For example, a 2016 study of playground behavior published in the Journal of Child Psychology and Psychiatry found that while boys with ASD are often outright rejected by their peers, girls are neither rejected nor accepted. So on the surface, it might look as if a girl with ASD is playing with other girls on the playground. Take a closer look, however, and you’ll see that while she’s playing near them, she’s not playing with them. She’s most likely playing by herself, or observing other girls to try to understand how to act.
Such “social camouflaging” may be more widespread than previously thought. A 2015 study of adults with ASD found that most of them—whether female, male or nonbinary—said they camouflaged their behavior in social situations. “Previous research has assumed that it was only women and girls who camouflaged,” says first author Laura Hull, a PhD candidate at University College London who works with pioneering autism researcher Simon Baron Cohen, among others. “These participants camouflaged because they wanted to fit in with others and form social relationships.”
To try to fit in, girls may choose a socially successful girl and mimic her behavior, as well as her dress and hairstyle. And they may suppress their impulses to spin in circles or talk for 20 minutes about “My Little Pony”—because they’ve been bullied for similar behavior, or been admonished by a teacher or authority figure.
The camouflaging likely won’t stop just for an ASD evaluation, so clinicians must be aware of the possibility, says Gross of the Autistic Self Advocacy Network.
Klin agrees, noting that one-on-one with an evaluator, a girl might seem fine—but that doesn’t mean that she is. “If girls present in a clinical situation with some form of social competency, we would probably not see them as having autism,” he said.
In a qualitative study of women diagnosed as adults, published in the Journal of Autism and Developmental Disorders, most participants said that their attempts to “be normal” and fit in had backfired: They were so good at pretending that no one believed they needed help.
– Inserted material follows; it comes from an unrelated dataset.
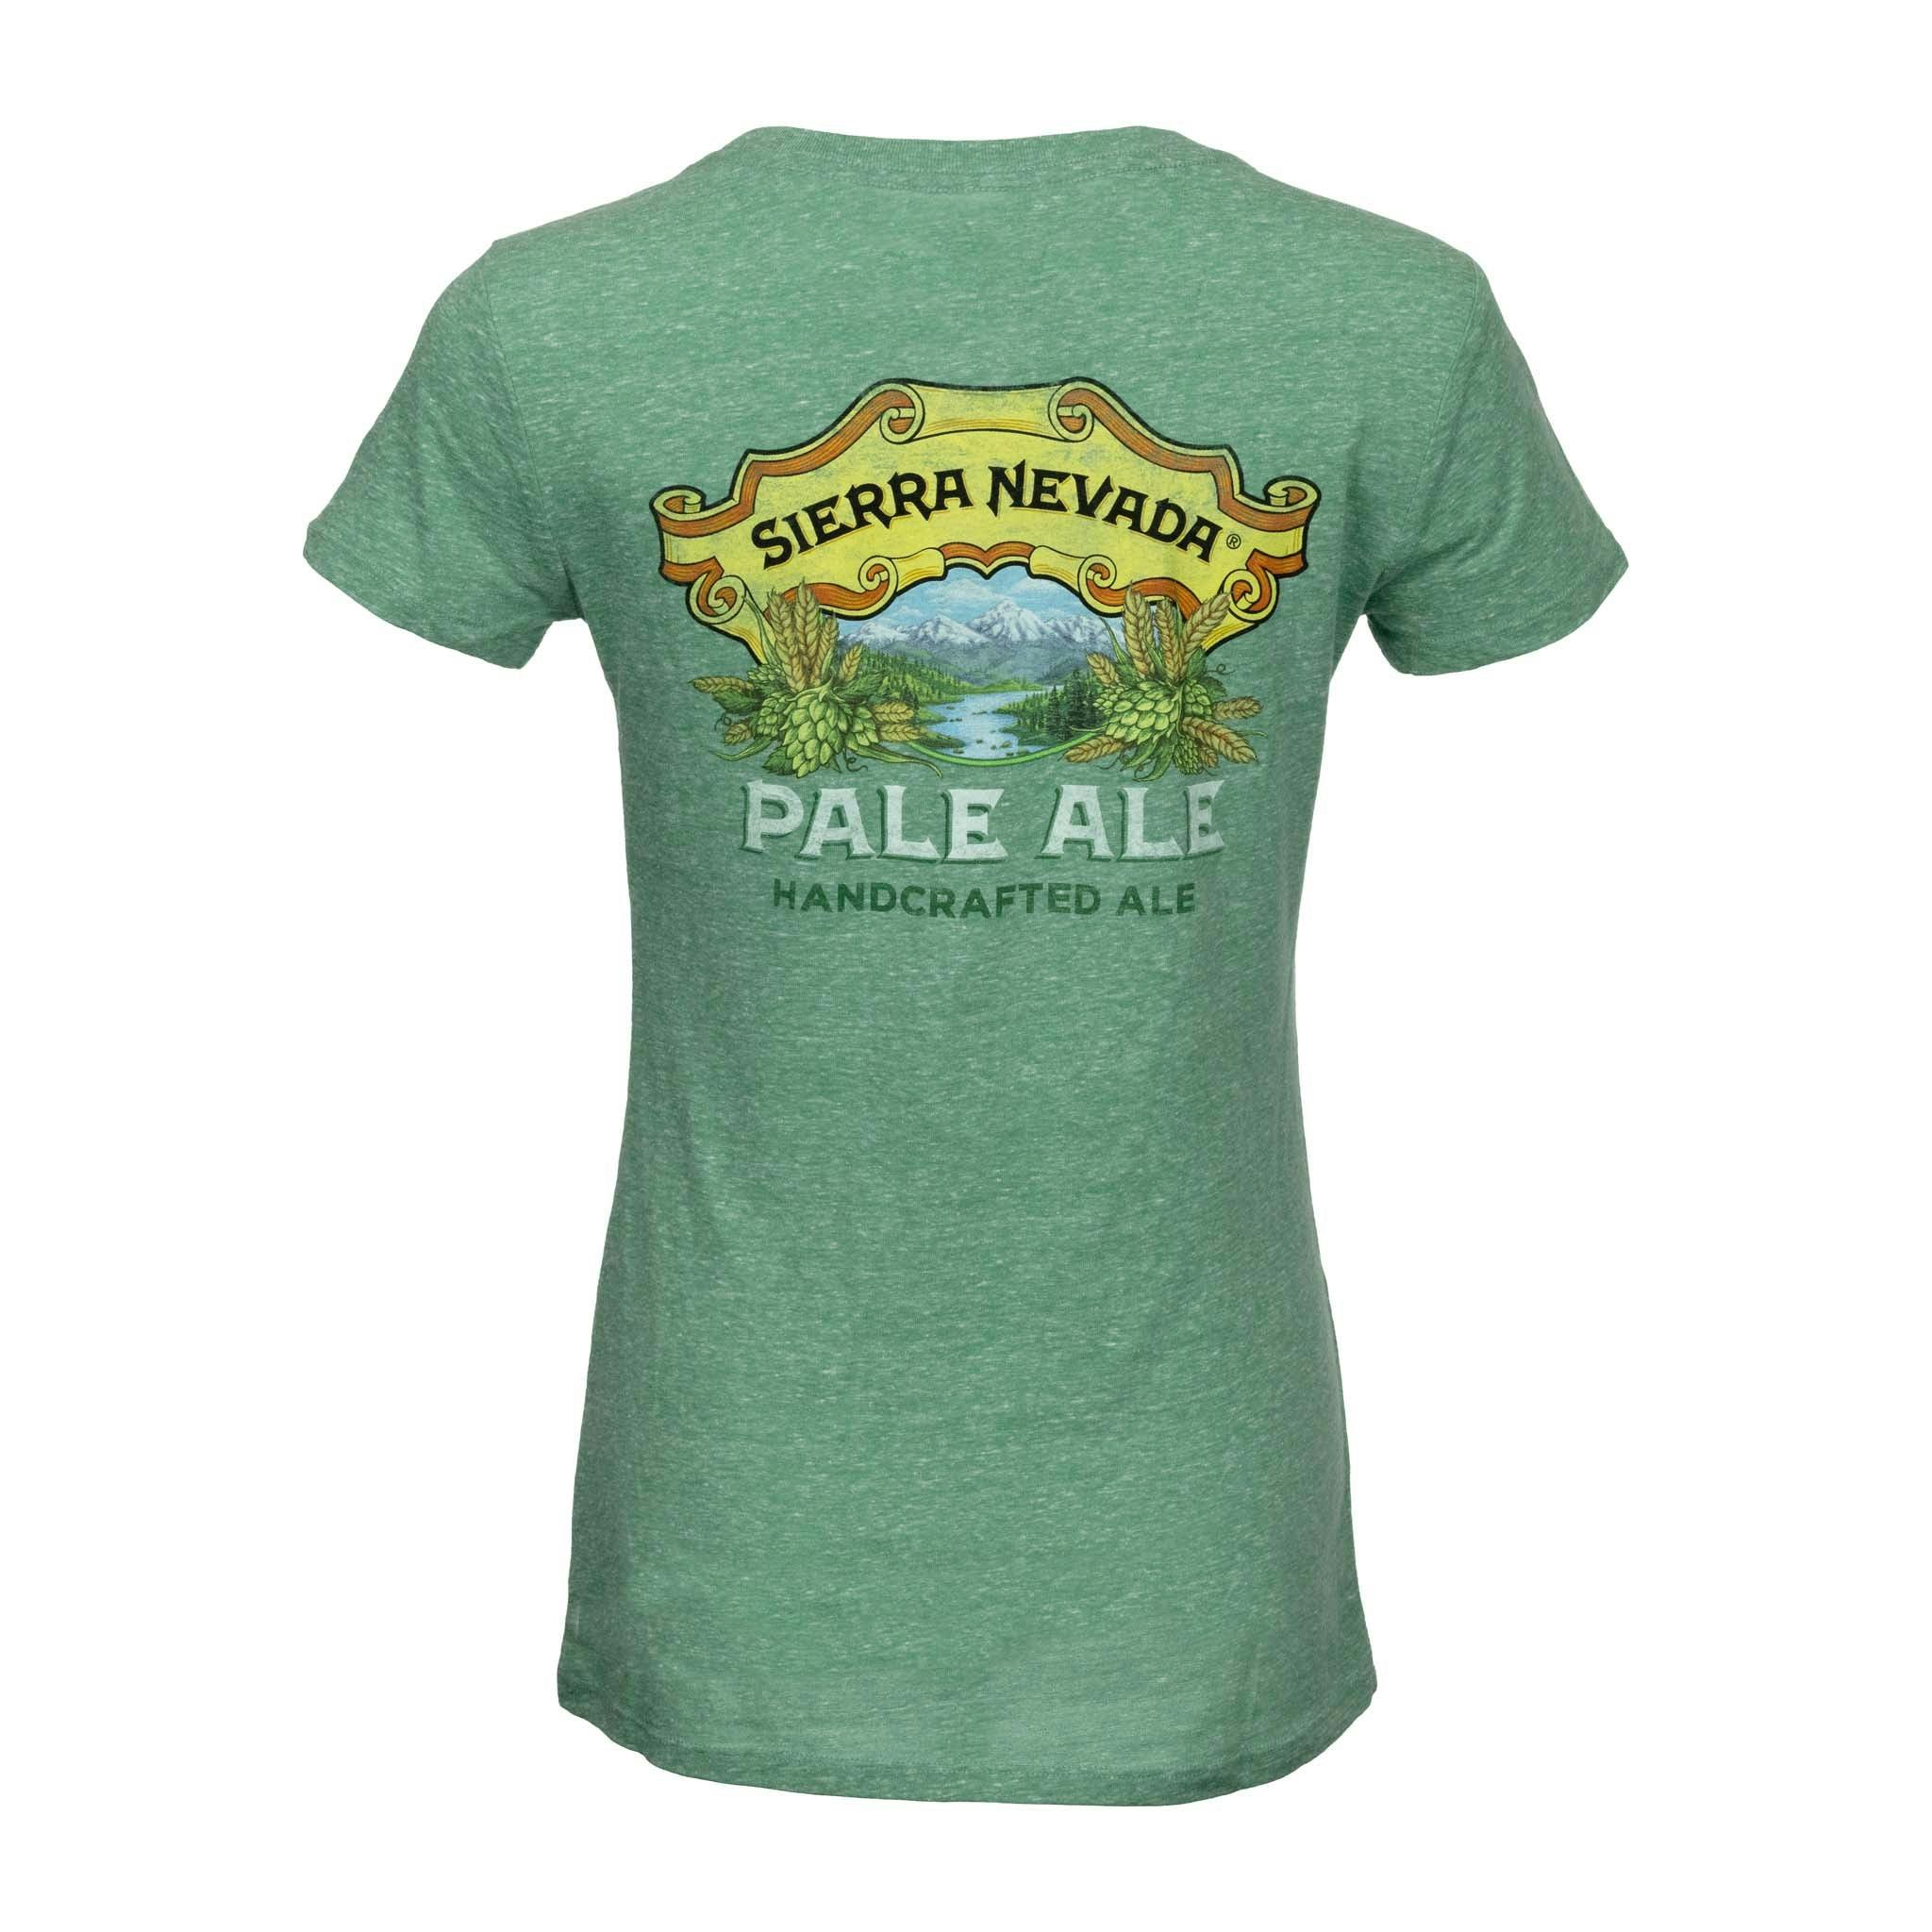 Sierra Nevada Women's Pale Ale T-Shirt - Back view

As girls, they were told that they were “too social” or “not good at math,” so they couldn’t have ASD.
The constant monitoring and masking of behavior take a toll. In Hull’s study, most participants reported that camouflaging was mentally, physically and emotionally draining. Many needed time to recover. In an as-yet undiagnosed girl, this exhaustion is a sign, says Gross. “You might see a girl who comes home from school and sleeps for two hours. [Camouflaging] is a level of self-regulation that most adults don’t experience, and it’s very tiring.”
The perils of internalizing
While many boys with ASD tend to act out or have tantrums, girls with ASD are more likely to internalize their feelings and are often shy or quiet, says Kreiser (see a 2012 study in the Journal of Autism and Developmental Disorders). And a shy, quiet, intelligent student is a teacher’s dream—not a student to refer for an evaluation.
The quiet and shyness, notes Kreiser, mask thoughts such as: “I don’t know how to have a conversation. I don’t know how to read other people’s social cues.” And the internalizing can lead to anxiety and depression.
“There was this historical perception that people with autism were not socially motivated,” says Kreiser. “Some of my [ASD] patients are socially motivated but don’t know how to interact, and social interaction is unpredictable for them—anxiety is a natural consequence.”
Addressing the anxiety with social skills training can help—but not without the understanding that the anxiety is linked with ASD.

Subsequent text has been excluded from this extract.